Motivated perception. What we observe is always filtered through what we expect, want, and fear. Confirmation bias affects not just what we remember but what we notice in the first place. Two people present at the same event may come away with radically different accounts — not because one is lying, but because they were attending to different things, processed them through different frameworks, and reconstructed different memories afterward. See also: confirmation bias.
The Epistemology of Presence
There is a deeper philosophical question lurking behind all of this: what, exactly, does presence give you access to?
Being at the site of an event gives you access to raw sensory data — what you saw, heard, smelled, felt. But facts are not raw data. The same scene can be described in incompatible ways depending on the conceptual framework applied to it. A police officer and a protester present at the same demonstration may give equally sincere, equally detailed, and mutually incompatible accounts of what happened — not because either is lying, but because they were categorising and interpreting the same sensory stream through different conceptual lenses.
This does not mean that firsthand testimony is worthless.
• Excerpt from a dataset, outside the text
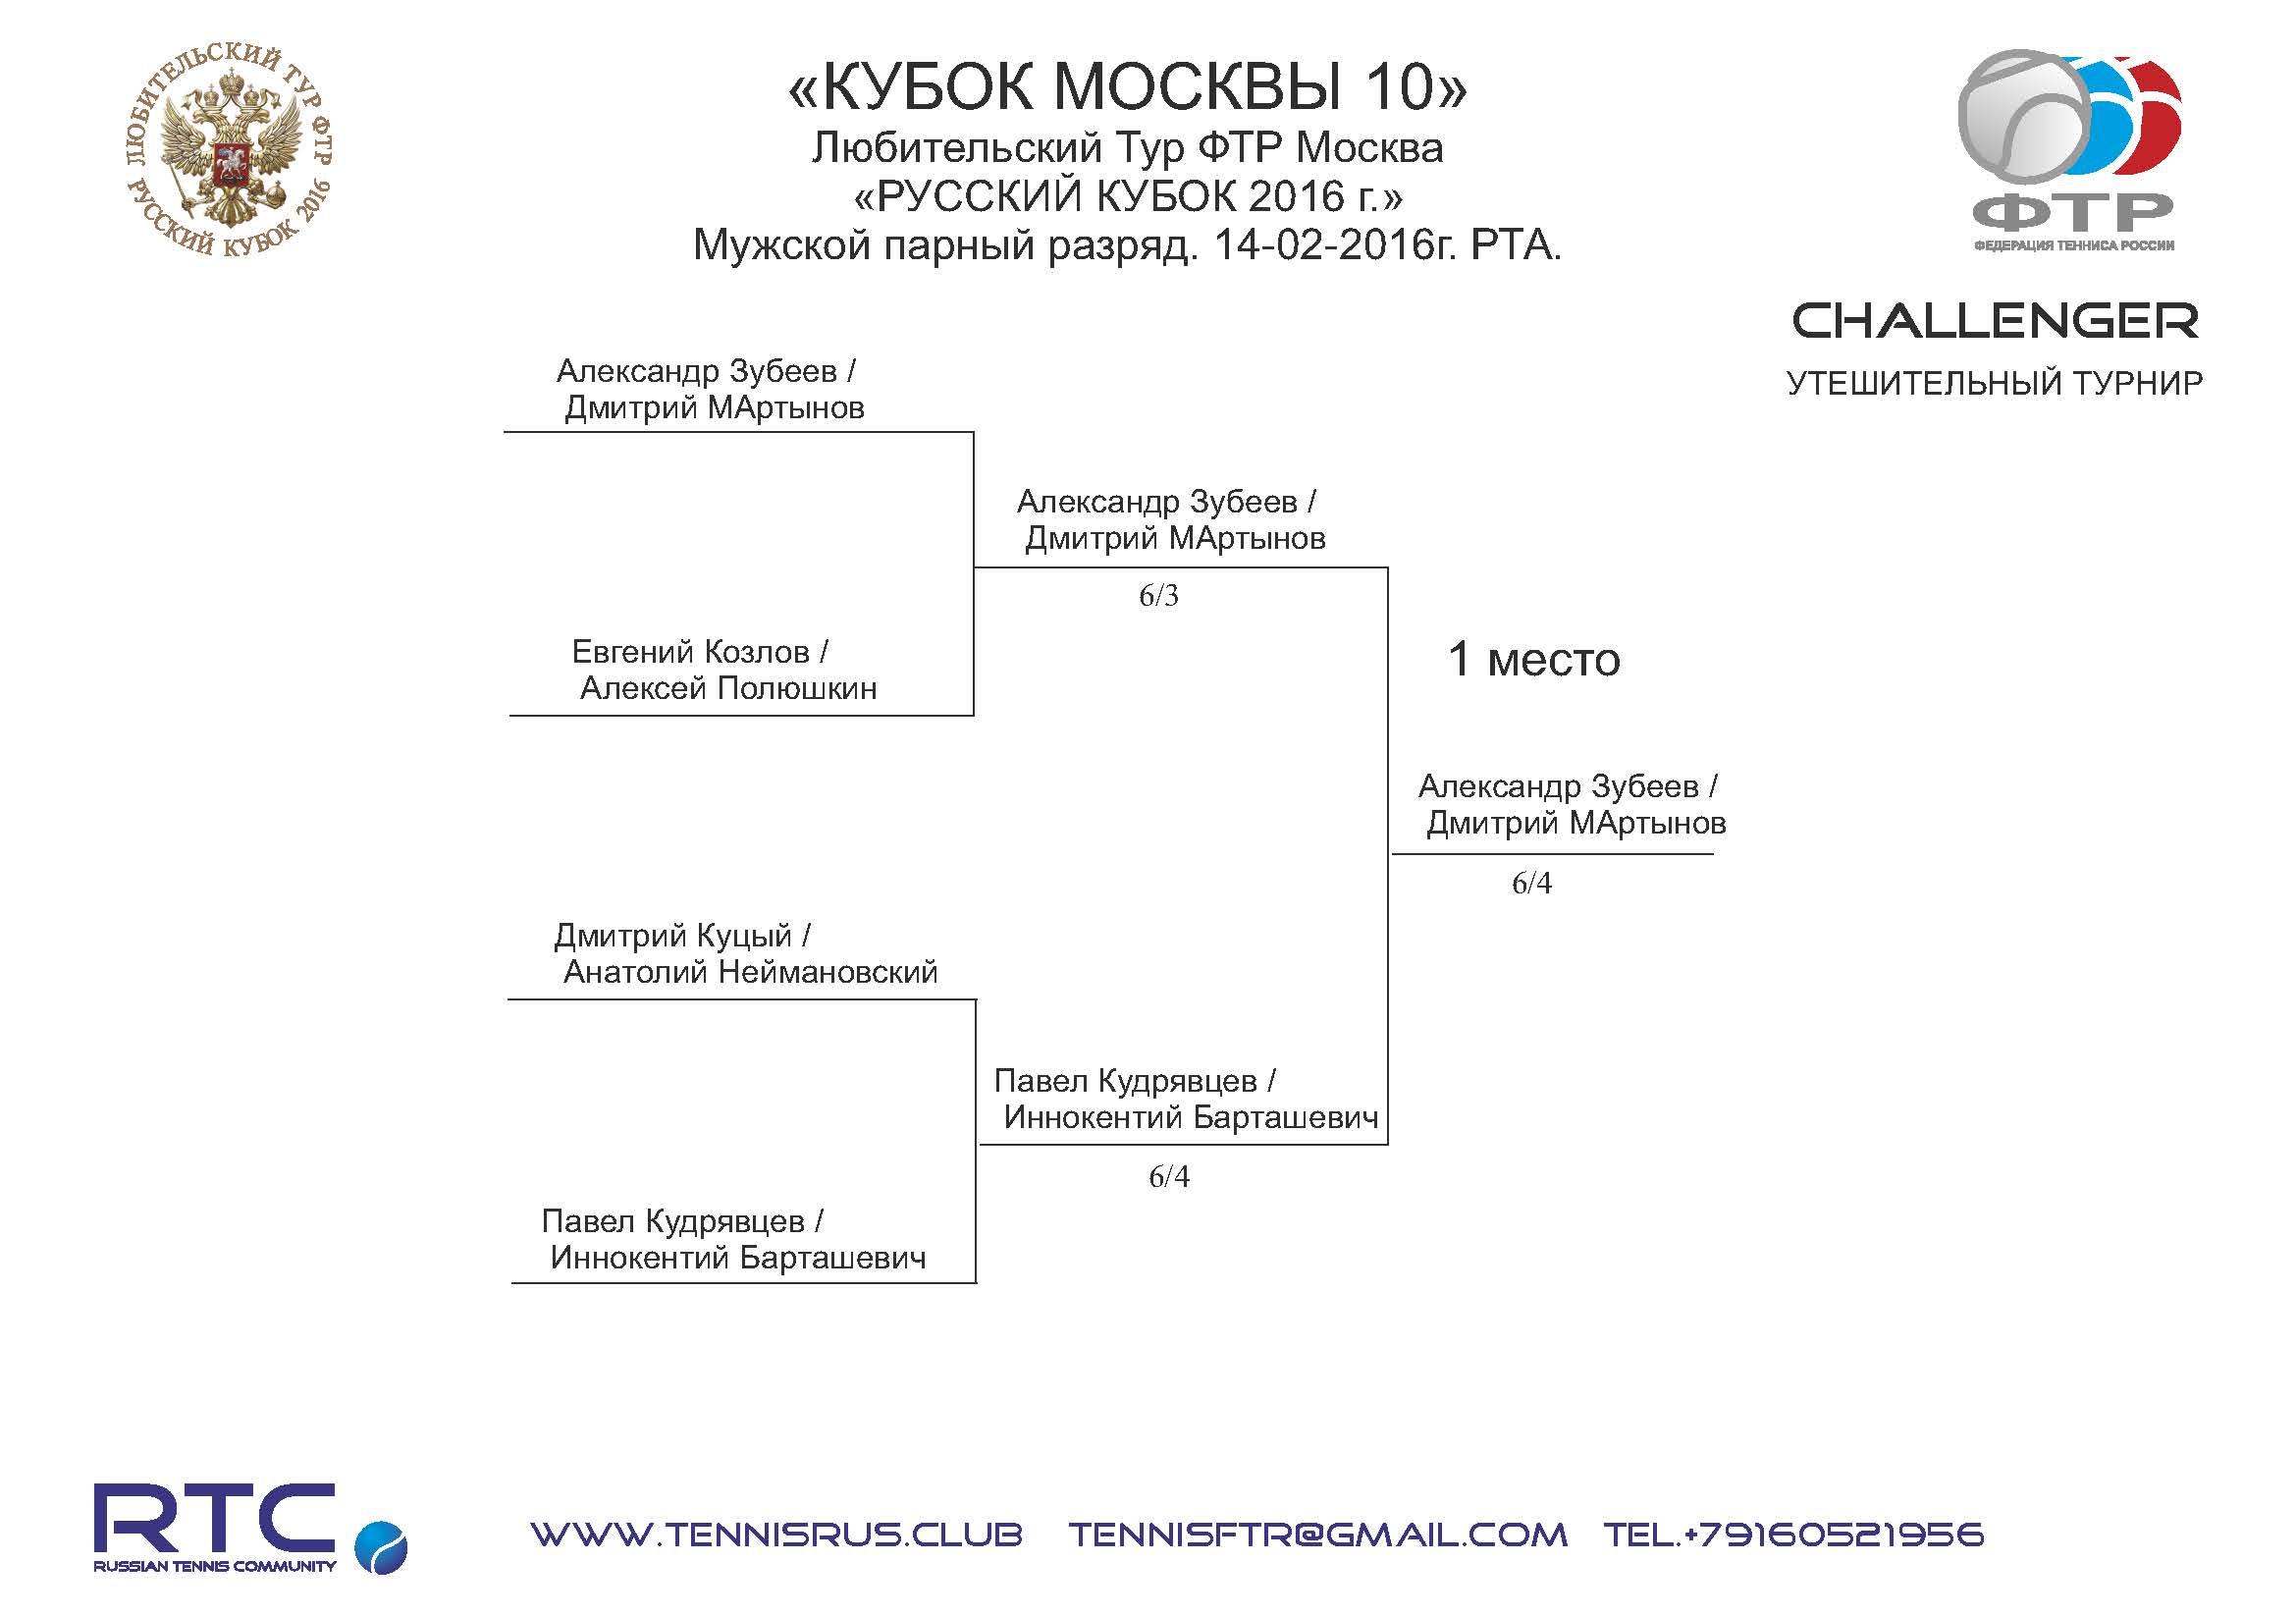 MC 10 2016 mens pairs Challenger NETs dop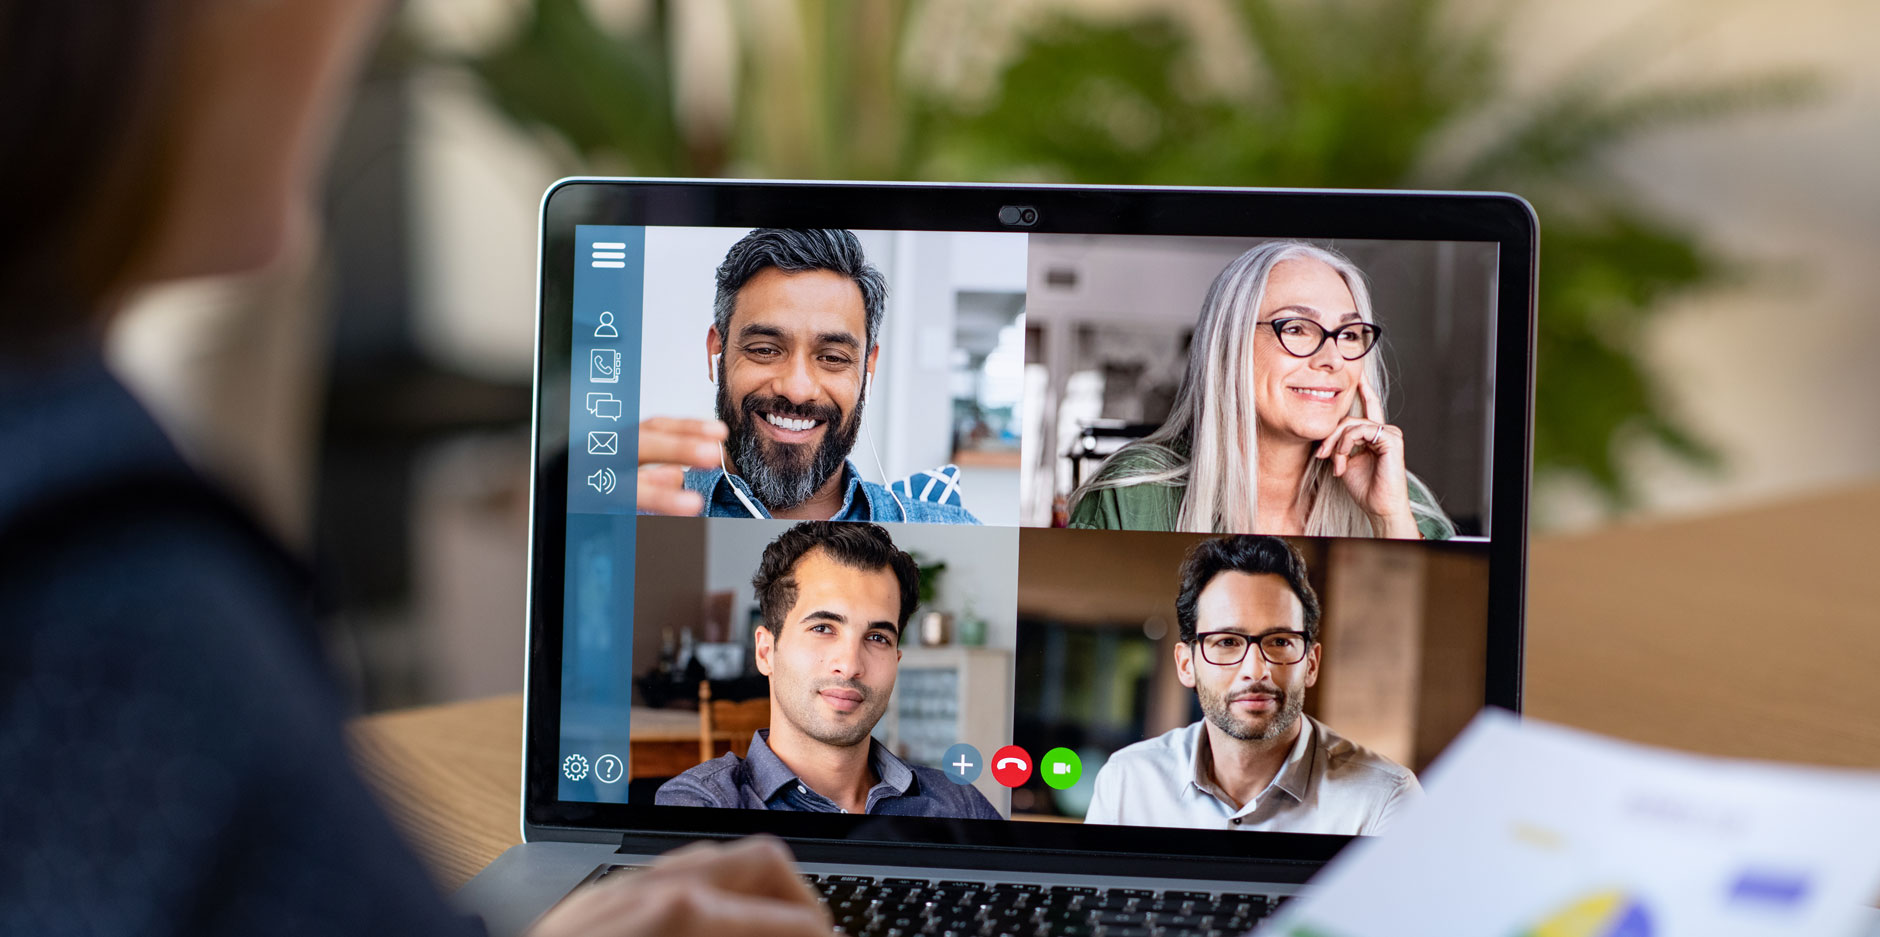 setup advice for video calls

It means that we should treat it as strong but fallible evidence — exactly the kind of defeasible presumption that Walton's framework describes. Presence provides a genuine epistemic advantage that should not be dismissed. But it does not provide infallibility, and the person in possession of it should be the last to claim that it does.
Practical Implications
When evaluating an argument from position to know, the productive approach is neither to dismiss it reflexively nor to accept it uncritically. Ask: what specifically does this person's position give them access to? What does it not give them access to? Is their claim one that positional knowledge can reliably settle, or does it reach beyond what experience alone can establish? Are there other witnesses, and do their accounts converge?
The goal is to weight testimonial evidence appropriately — taking it seriously as a data point while subjecting it to the same critical scrutiny we apply to all evidence. The argument from position to know is a powerful starting point. It is not a finishing line.
Sources & Further Reading
- Walton, Douglas N. Argumentation Schemes for Presumptive Reasoning. Lawrence Erlbaum, 1996.
- Walton, Douglas, Chris Reed, and Fabrizio Macagno. Argumentation Schemes. Cambridge University Press, 2008.
- Loftus, Elizabeth F. "Eyewitness Testimony." Scientific American, 1979.
- Hayek, Friedrich. "The Use of Knowledge in Society." American Economic Review 35(4), 1945.